(TASK OBJECTIVE): Give all of the data below again exactly, and drop the images.

(THE DATA):

◆ ◆ ◆

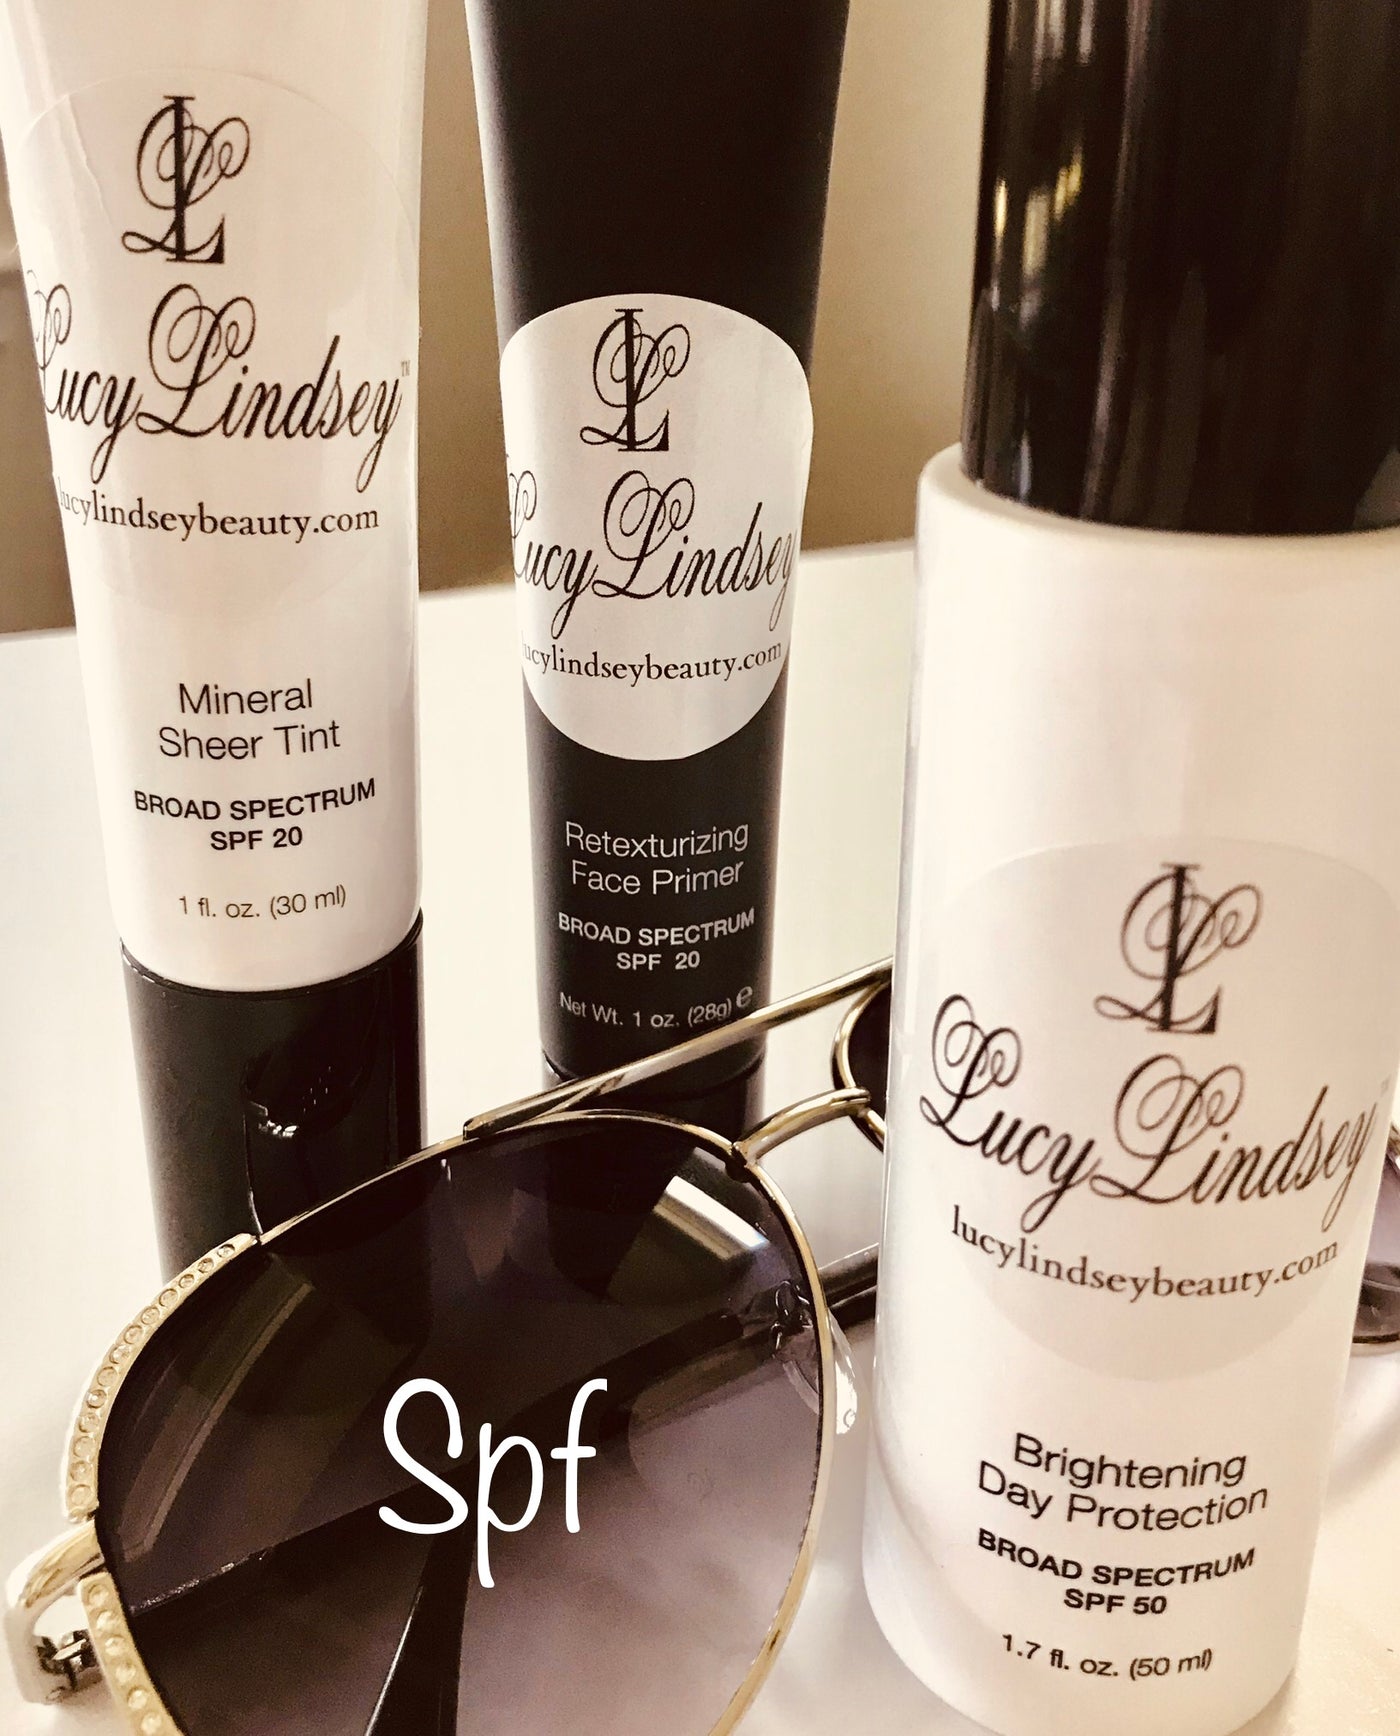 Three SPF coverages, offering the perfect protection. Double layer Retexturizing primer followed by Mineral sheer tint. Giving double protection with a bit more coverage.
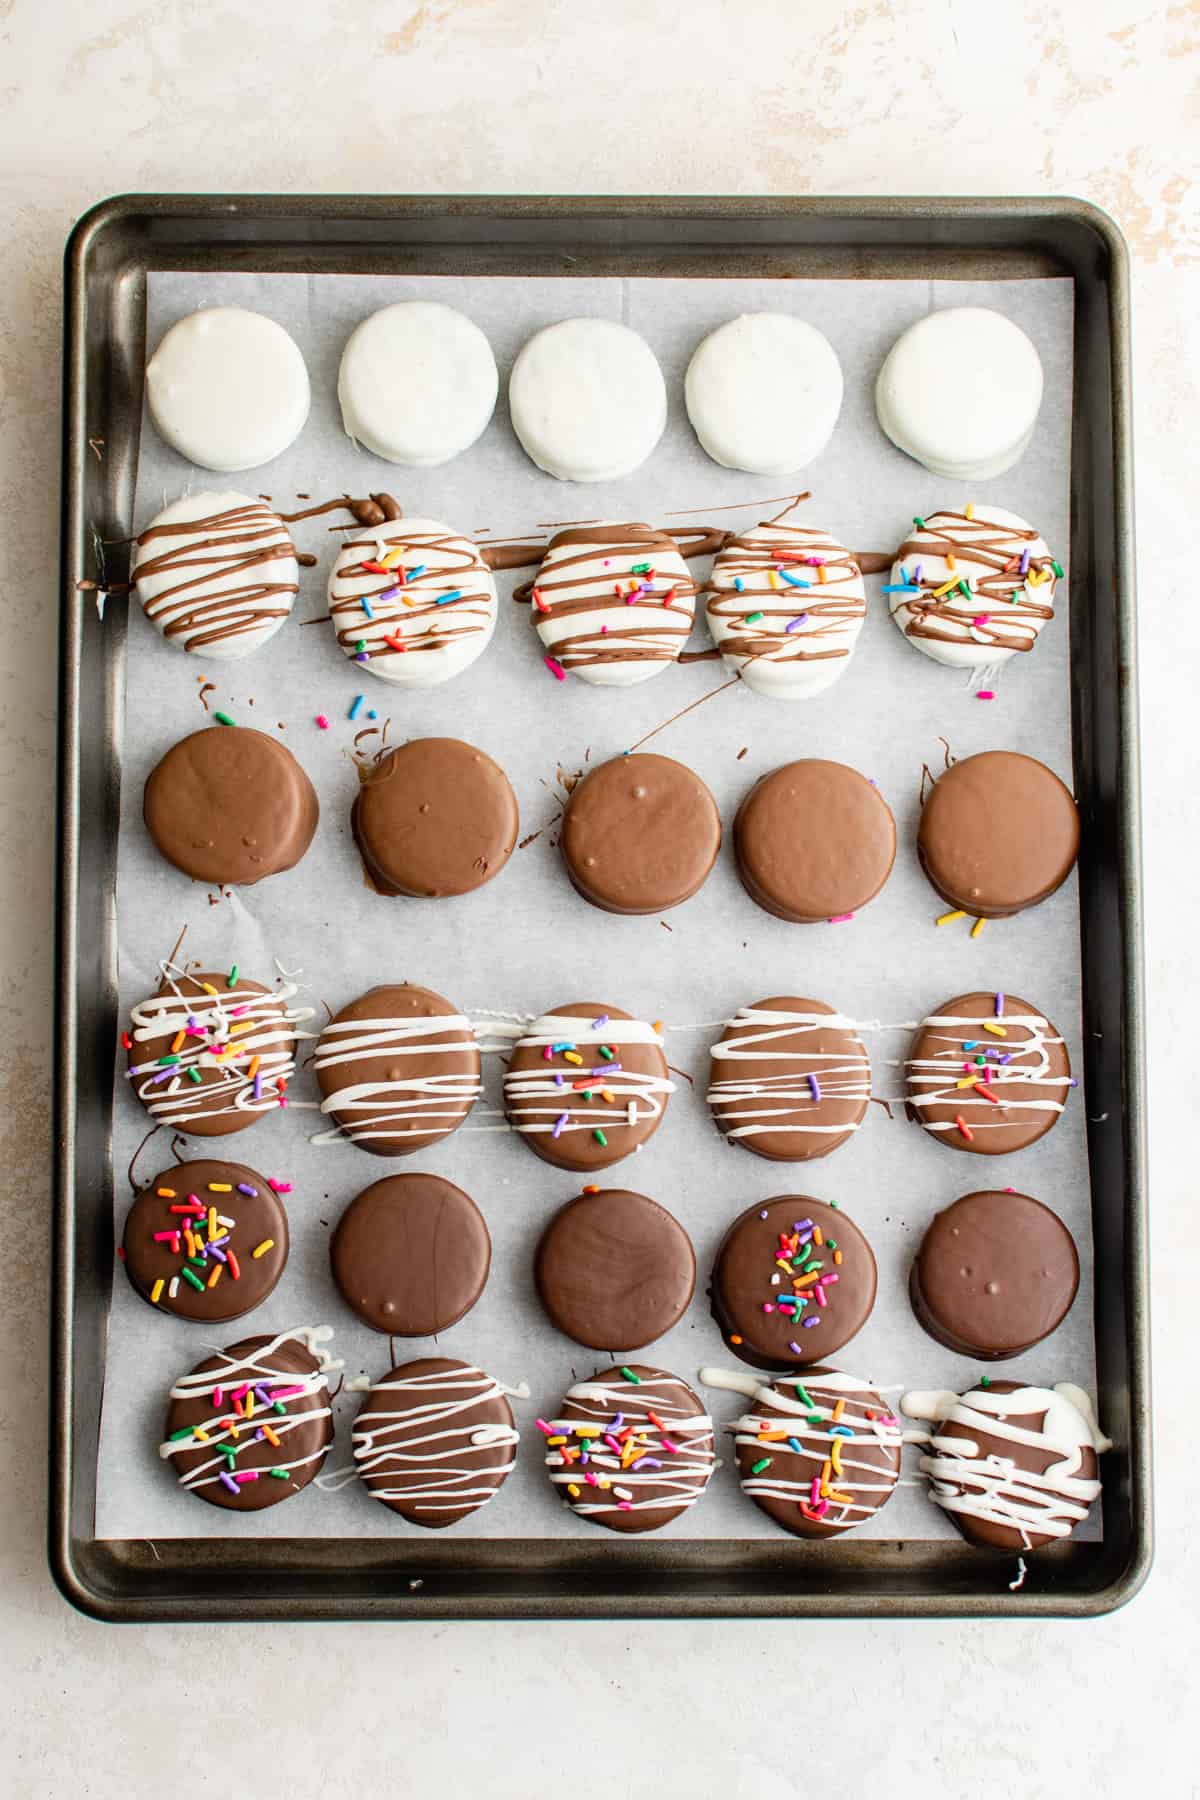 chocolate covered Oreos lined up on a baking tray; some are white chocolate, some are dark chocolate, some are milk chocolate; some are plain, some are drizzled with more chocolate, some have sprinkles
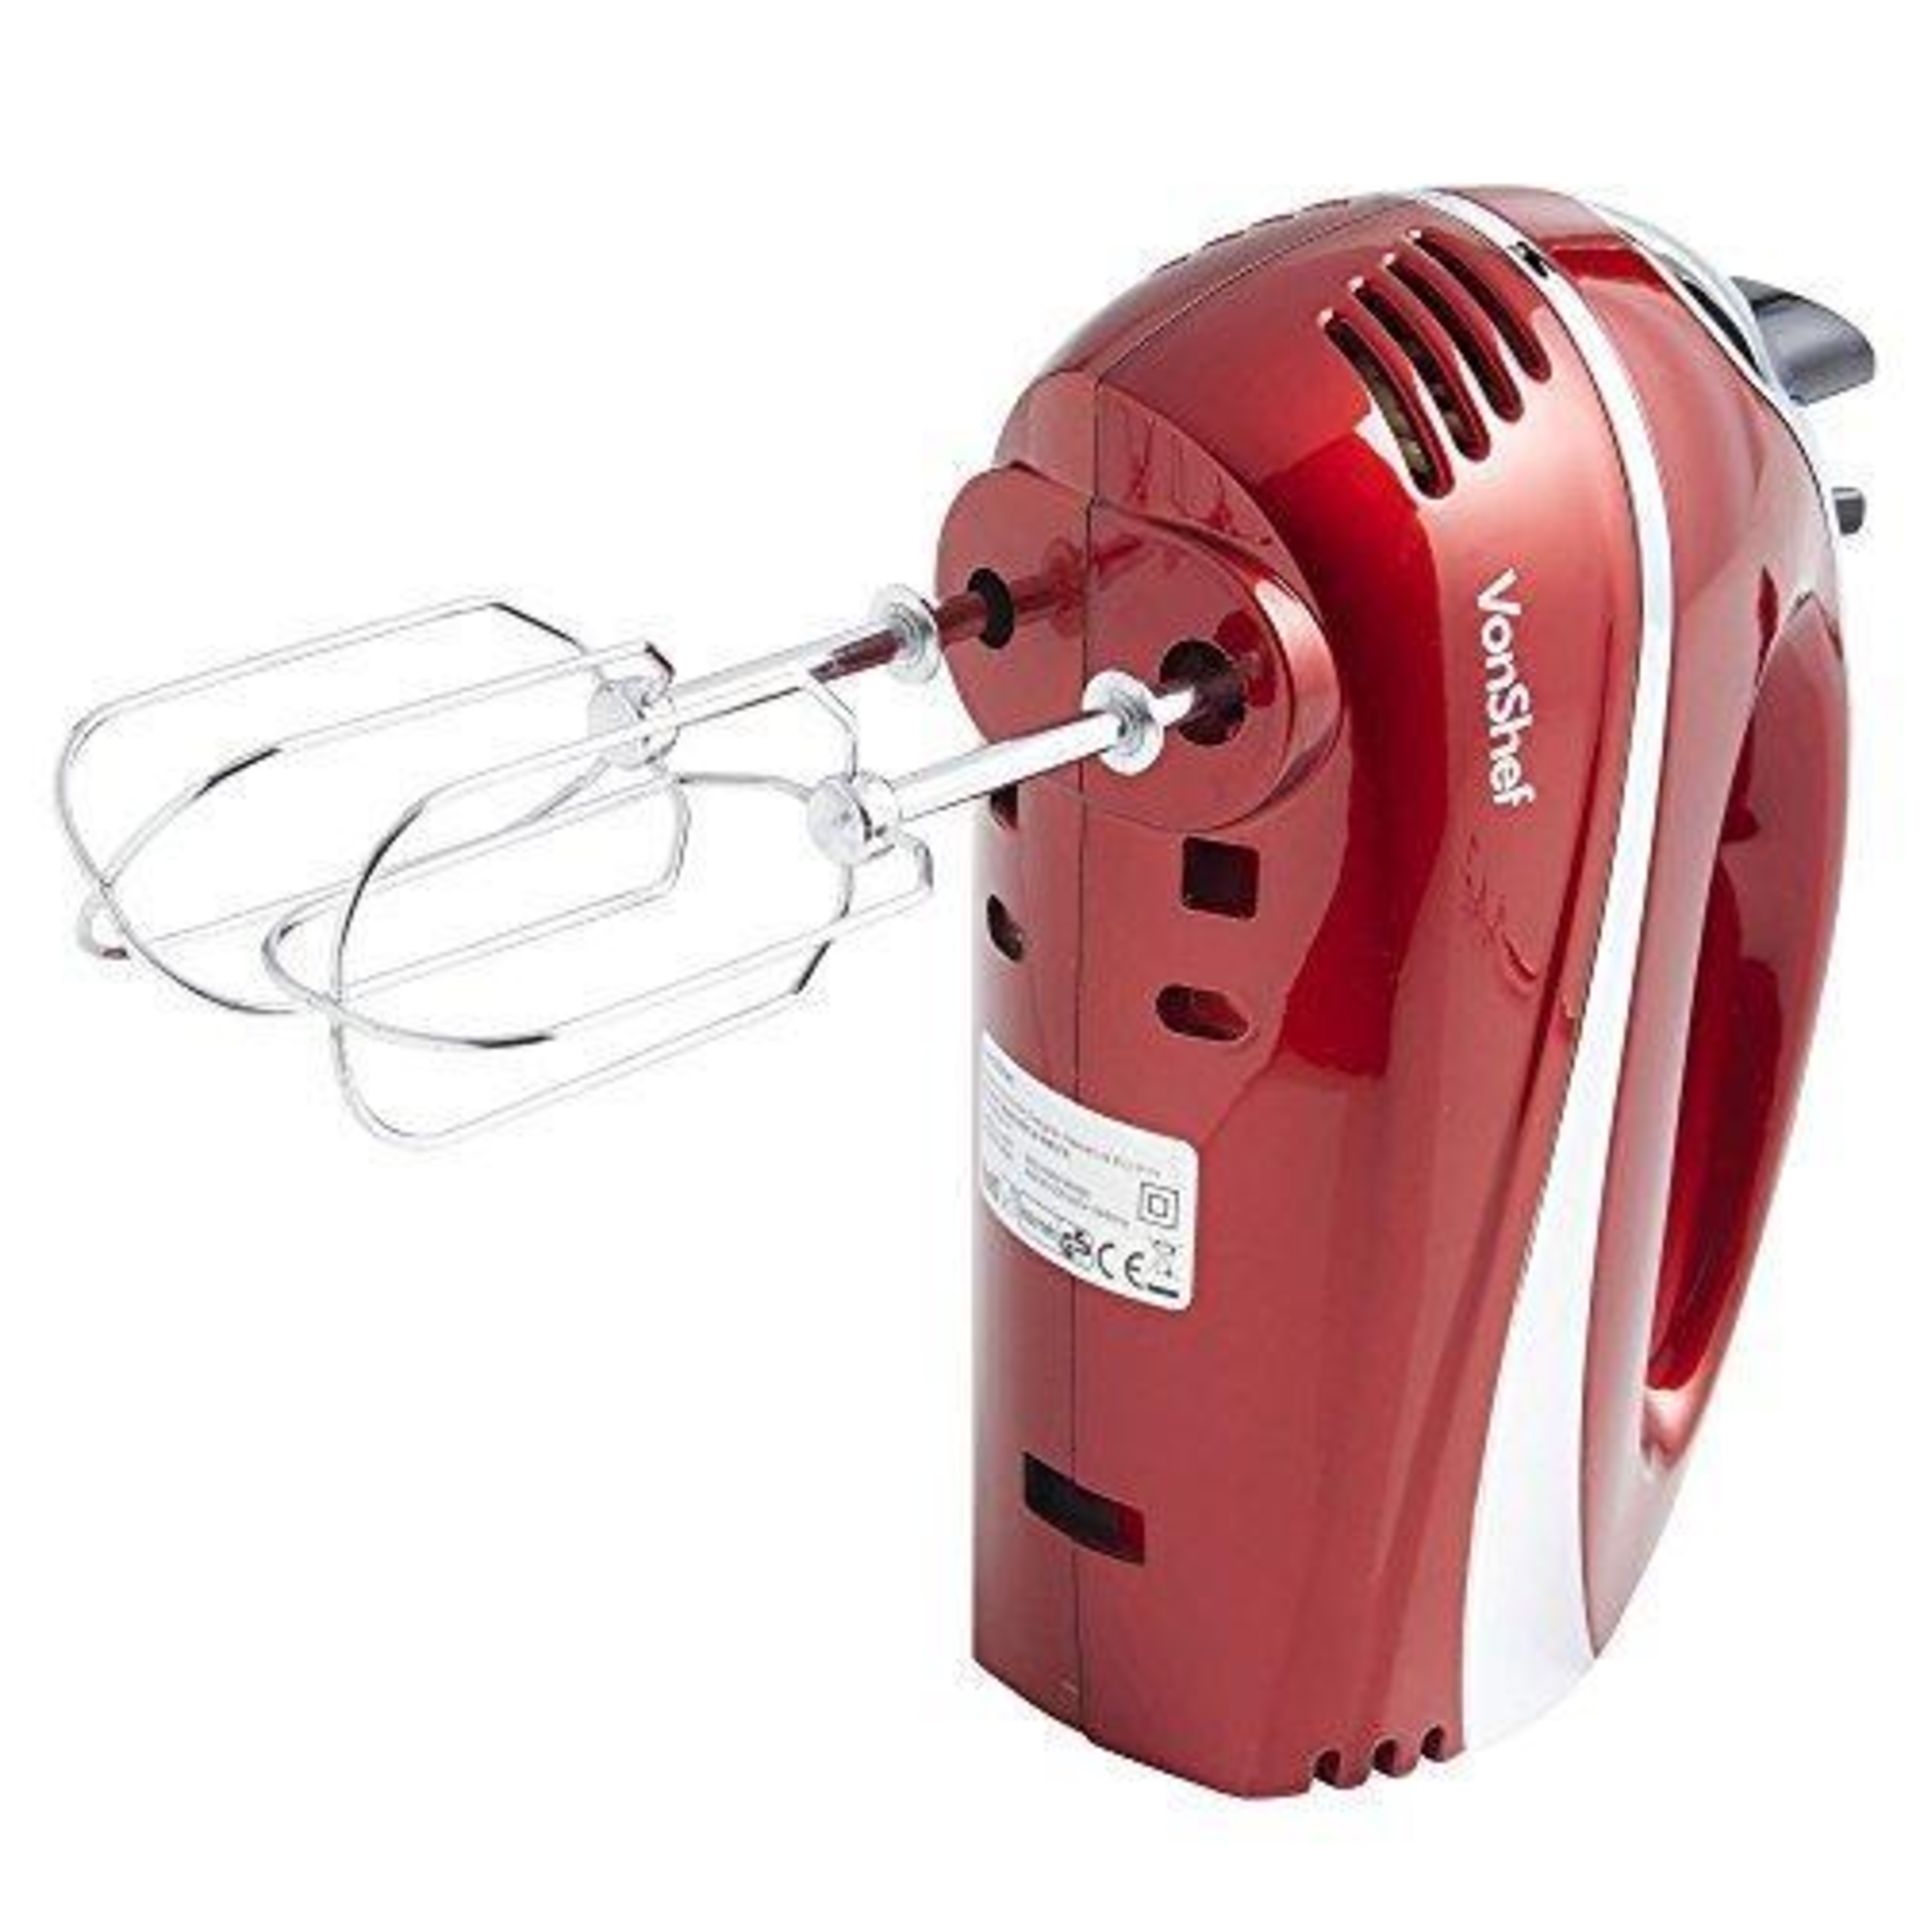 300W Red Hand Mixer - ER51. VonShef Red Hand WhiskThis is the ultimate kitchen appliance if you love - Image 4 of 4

◆ ◆ ◆

(EXERCISE ANSWER):
 Three SPF coverages, offering the perfect protection. Double layer Retexturizing primer followed by Mineral sheer tint. Giving double protection with a bit more coverage.
 chocolate covered Oreos lined up on a baking tray; some are white chocolate, some are dark chocolate, some are milk chocolate; some are plain, some are drizzled with more chocolate, some have sprinkles
 300W Red Hand Mixer - ER51. VonShef Red Hand WhiskThis is the ultimate kitchen appliance if you love - Image 4 of 4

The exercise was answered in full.